Ourso wrote the lyrics for four of the LRB originals and tracks for more than 20 of the guitar arrangements, in addition to handling lead vocals on the songs “Got Love If You Want It” and “Mother In Law Blues.”

​

Lynn Ourso and Buddy Flett perform with the Bluebirds at the Stan Lewis Fest in Shreveport (Photo: Courtesy of Traci Thrasher)

Ourso previously played with John Fred and the Playboys and is best known for his guitar work and arrangements in the classic blues song “Boogie Children,” which was originally released nationally on Stan The Record Man Lewis’ Jewel and Paula Records and later became a worldwide hit.

​

The newest CD includes performances by the Louisiana River Front band’s other two members, rhythms and blues singer Luther Kent as a principal vocalist and the late Harold Cowart on bass and electronic piano.

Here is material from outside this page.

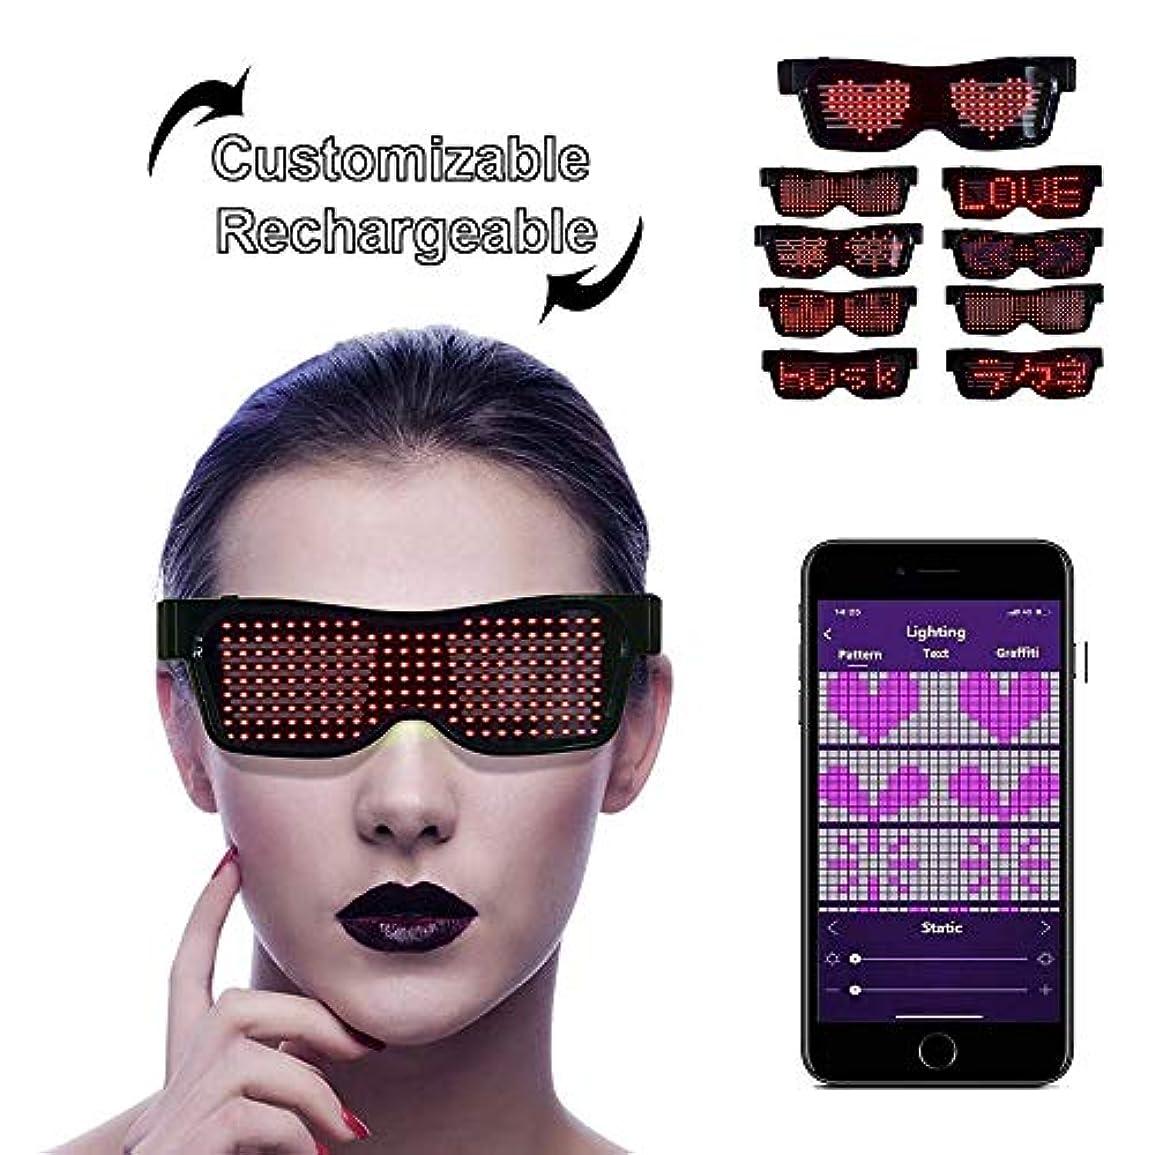 紫の計器位置するLEDサングラス, LEDメガネ ブルートゥースLEDパーティーメガネカスタマイズ可能なLEDメガネUSB充電式9モードワイヤレス点滅LEDディスプレイ、フェスティバル用グロー眼鏡レイヴパーティー

The CD also includes the last recordings John Fred ever produced, Ourso said.

​

Bruce Flett, who helped promote the CD and Ourso’s tour of Shreveport, said Ourso had a resume “longer than a 100 yard LSU football field.” Flett said Ourso had talked to him about the CD for a “long time,” but the death of Harold Cowart acted as a catalyst to finally pull the CD together.

​

“This is blues at it’s finest,” Flett said. “I’ve been fans of all three of them for a long time. It’s a thrill for me to put out some of my heroes’ record that came out after so many years.”

​

Ourso’s performances in Shreveport included both public and private events at the TIKI Bar&Grill and for the Stan ‘The Record Man’ Lewis Music Festival at Artspace.

​

In between gigs, Ourso sat down with The Times to reflect on his musical career and his Louisiana roots.

Lynn Ourso performing with the Bluebirds at Stan Lewis Fest 

​

​

What are some of your favorite memories from your musical career?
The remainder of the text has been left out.